··· Given data ···
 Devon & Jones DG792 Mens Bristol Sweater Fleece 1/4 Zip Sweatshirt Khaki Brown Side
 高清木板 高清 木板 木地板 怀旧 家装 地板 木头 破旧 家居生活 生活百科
···
··· Given data ···
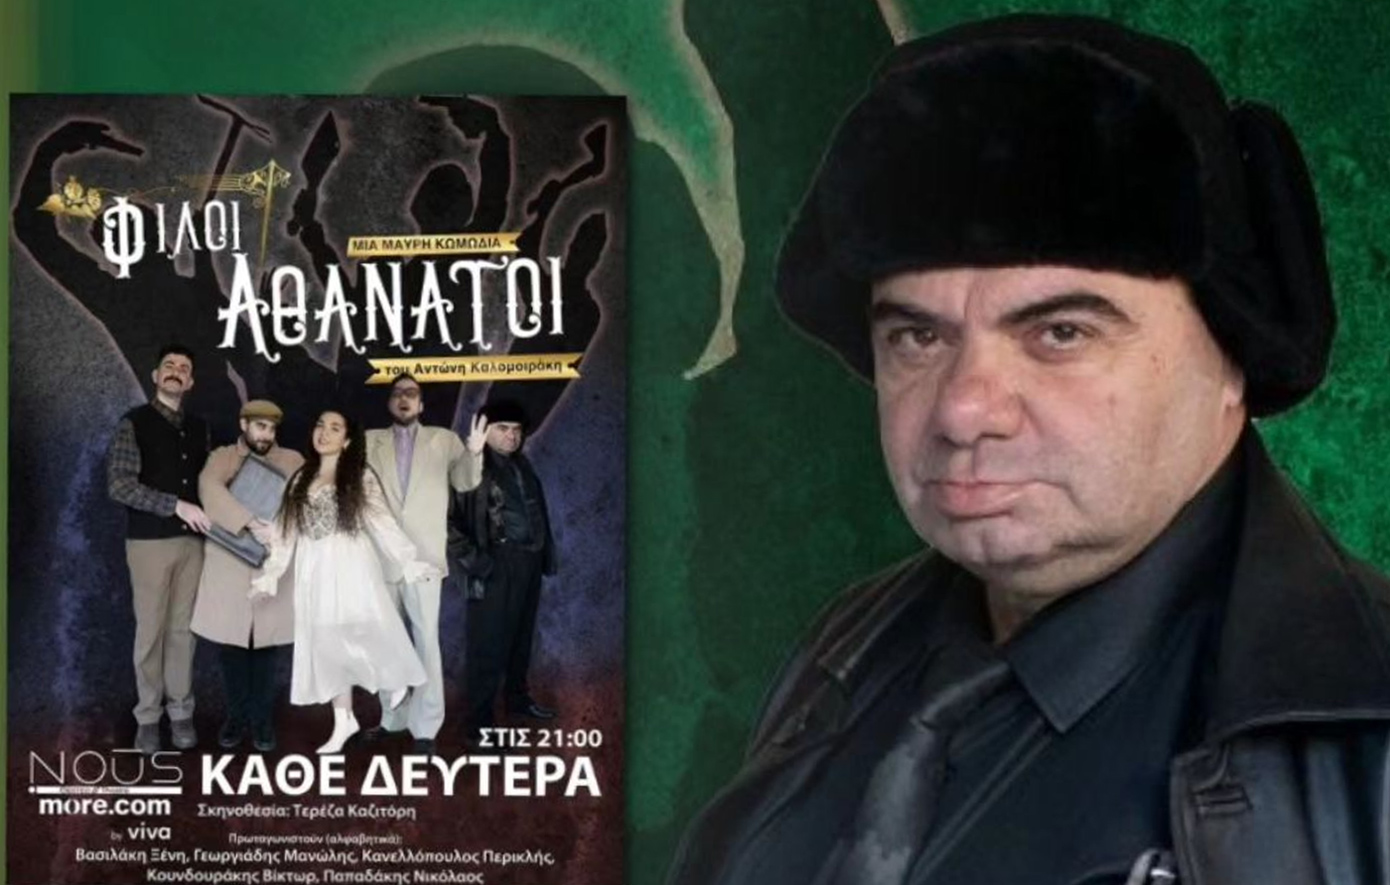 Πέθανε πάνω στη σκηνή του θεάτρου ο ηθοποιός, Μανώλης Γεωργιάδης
···
*Problem to solve*: All that is wanted is a faithful reproduction of the line above with "Devon & Jones", the line with "高清木板 高清 木板 木地板 怀旧 家装 地板 木头 破旧 家居生活 生活百科", and every line in between.

*Response for this exercise*:
 Devon & Jones DG792 Mens Bristol Sweater Fleece 1/4 Zip Sweatshirt Khaki Brown Side
 高清木板 高清 木板 木地板 怀旧 家装 地板 木头 破旧 家居生活 生活百科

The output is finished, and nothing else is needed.